On 2/25/21 10:07 AM, Steven Rostedt wrote:
On Wed, 24 Feb 2021 20:37:08 -0500
Steven Rostedt <rostedt@xxxxxxxxxxx> wrote:
+ TP_printk("call_site=%pS ptr=%p name=%s",
+ (void *)__entry->call_site, __entry->ptr, __entry->name)
You must use __get_str(name) here!
(see other users of this logic in include/trace/events/*.h)
What is happening is that TP_fast_assign() is called by the tracepoint
logic (at the time of the event), then much later (seconds, minutes,
hours, days!), when the user does a "cat trace" of the file, the
__entry->name is read and the printf logic is called against it. Well,
the s->name that __entry->name points to, can be long gone by then!

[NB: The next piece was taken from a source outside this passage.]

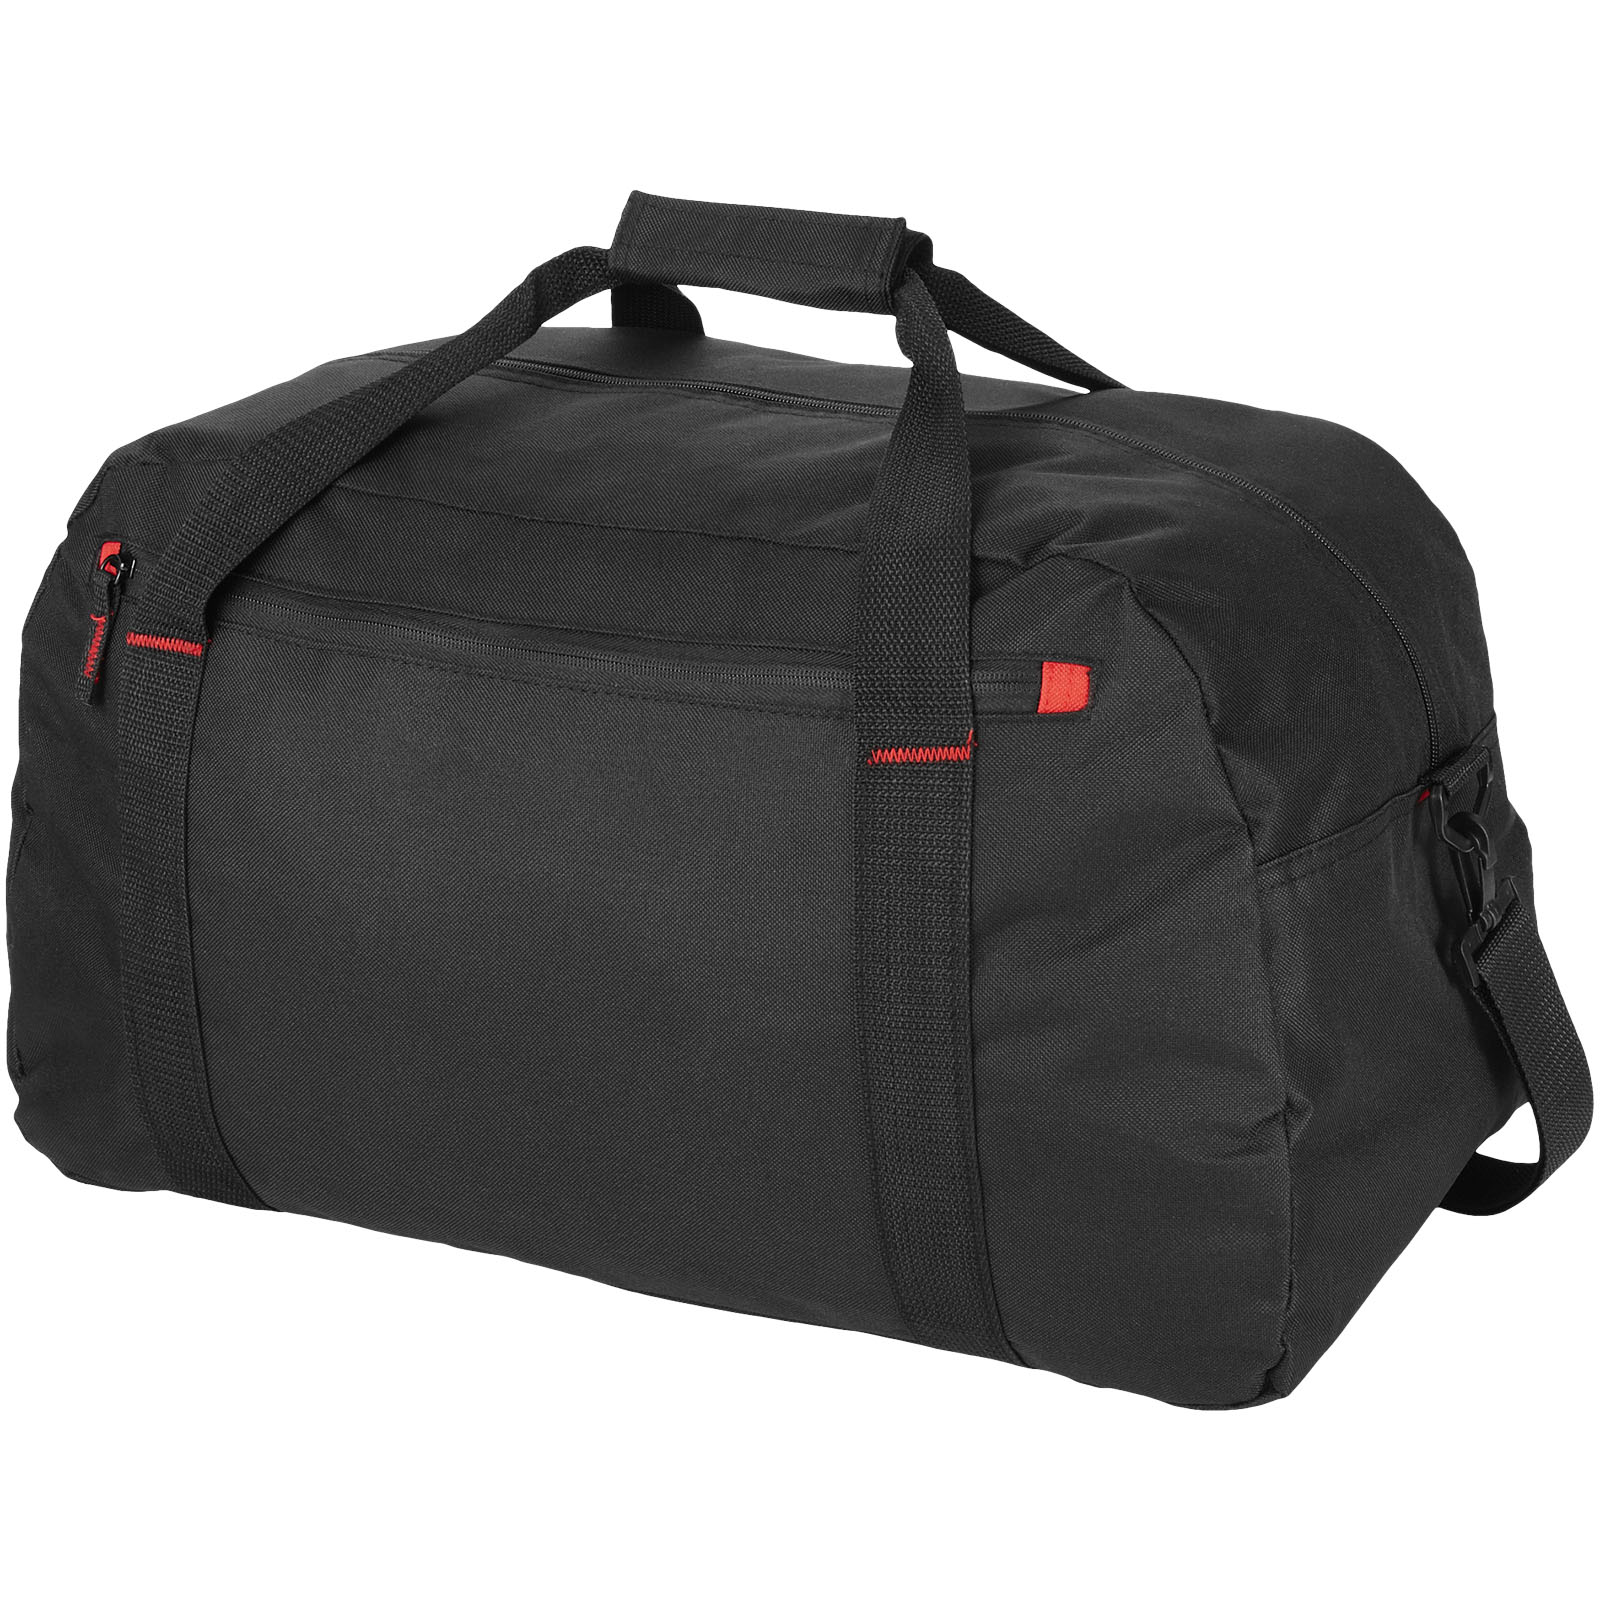 Advertising Travel bags - Vancouver travel duffel bag 35L

Instead, using __string() tells the TRACE_EVENT() macro that this is a
dynamic string. The __assign_str() records the string into the ring
buffer. The __get_str() retrieves the string from the ring buffer as
part of the event, so it stays around as long as the event being read
by the trace file is around.
Please do not apply this patch as is, it is very buggy!

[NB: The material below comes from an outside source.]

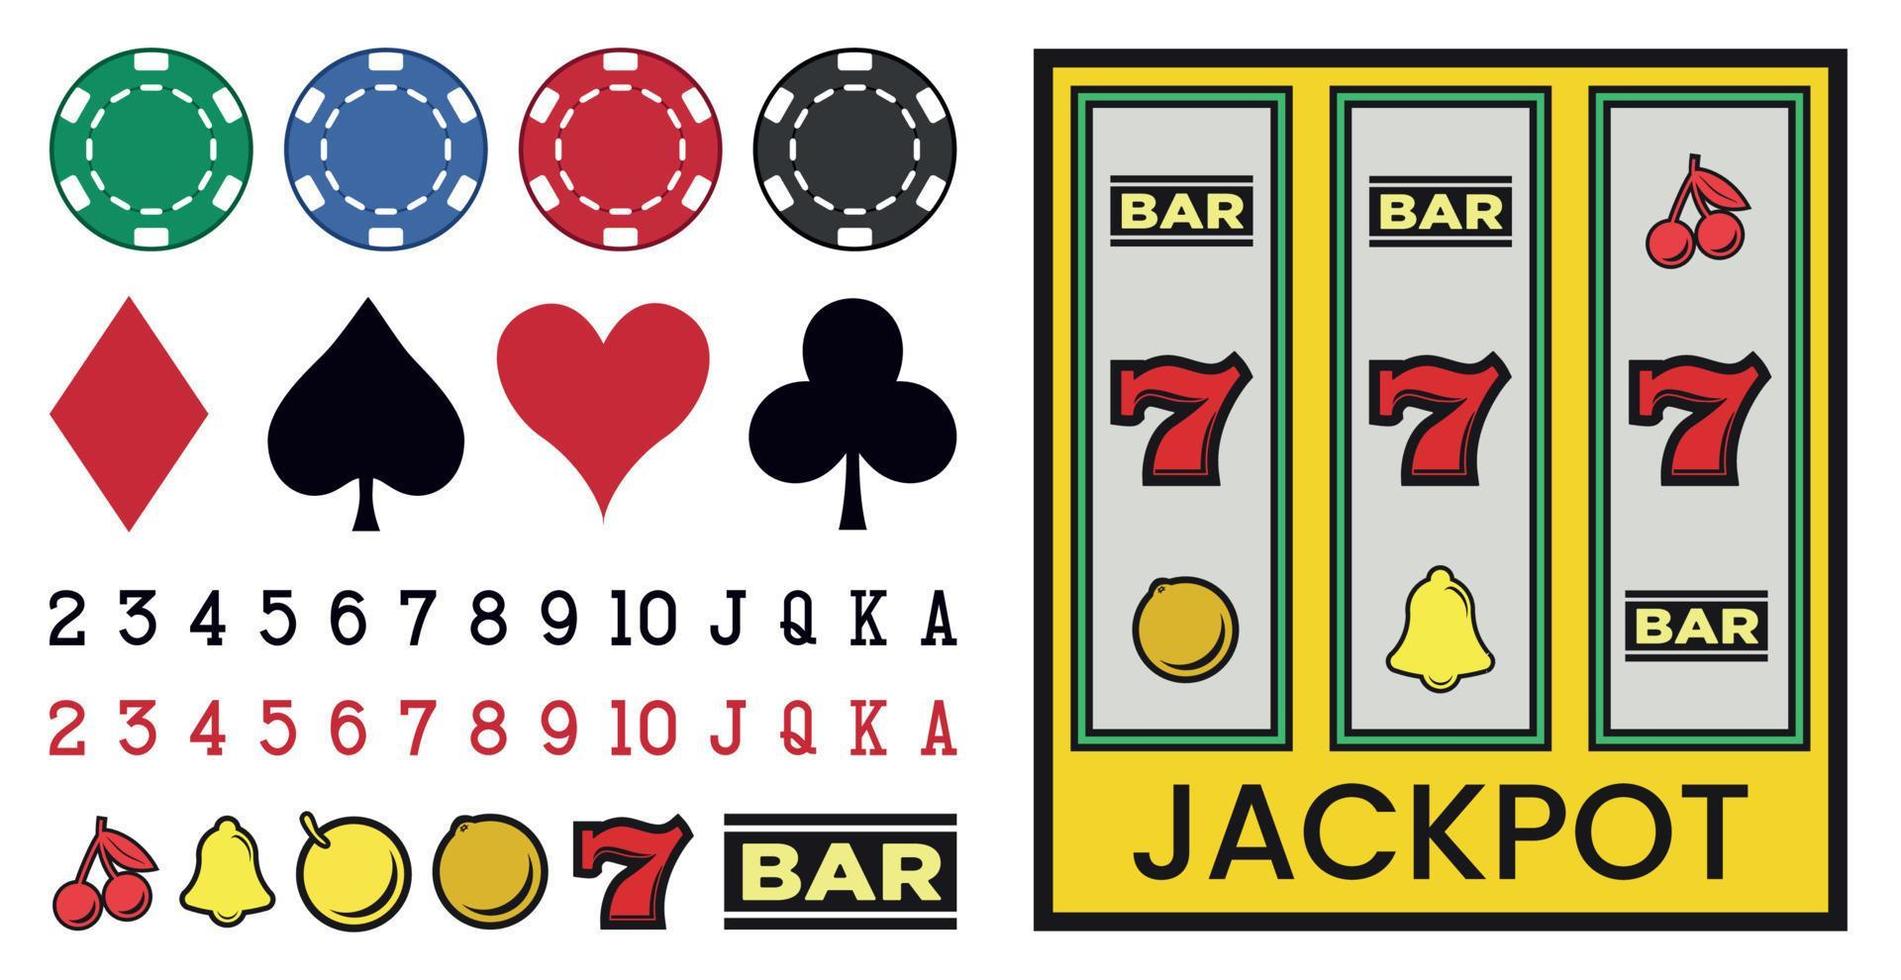 stort kasino set med inslag av poker, spelautomater, tärningar på en vit bakgrund - vektor

I wonder if we can add something to checkpatch that can check if
TP_printk() has a call to "%s" where it references a __entry->xxx and
not a __get_str(), and will warn about it.
That's helpful for me who don't know "%s" of TP_printk is special.
There a a few cases where its OK. Like RCU uses a TPS() macro around
strings it passes into the tracepoint, which is used for strings that
never are freed, and maps the string pointer to the string for user
space. But RCU is the only user of that I believe.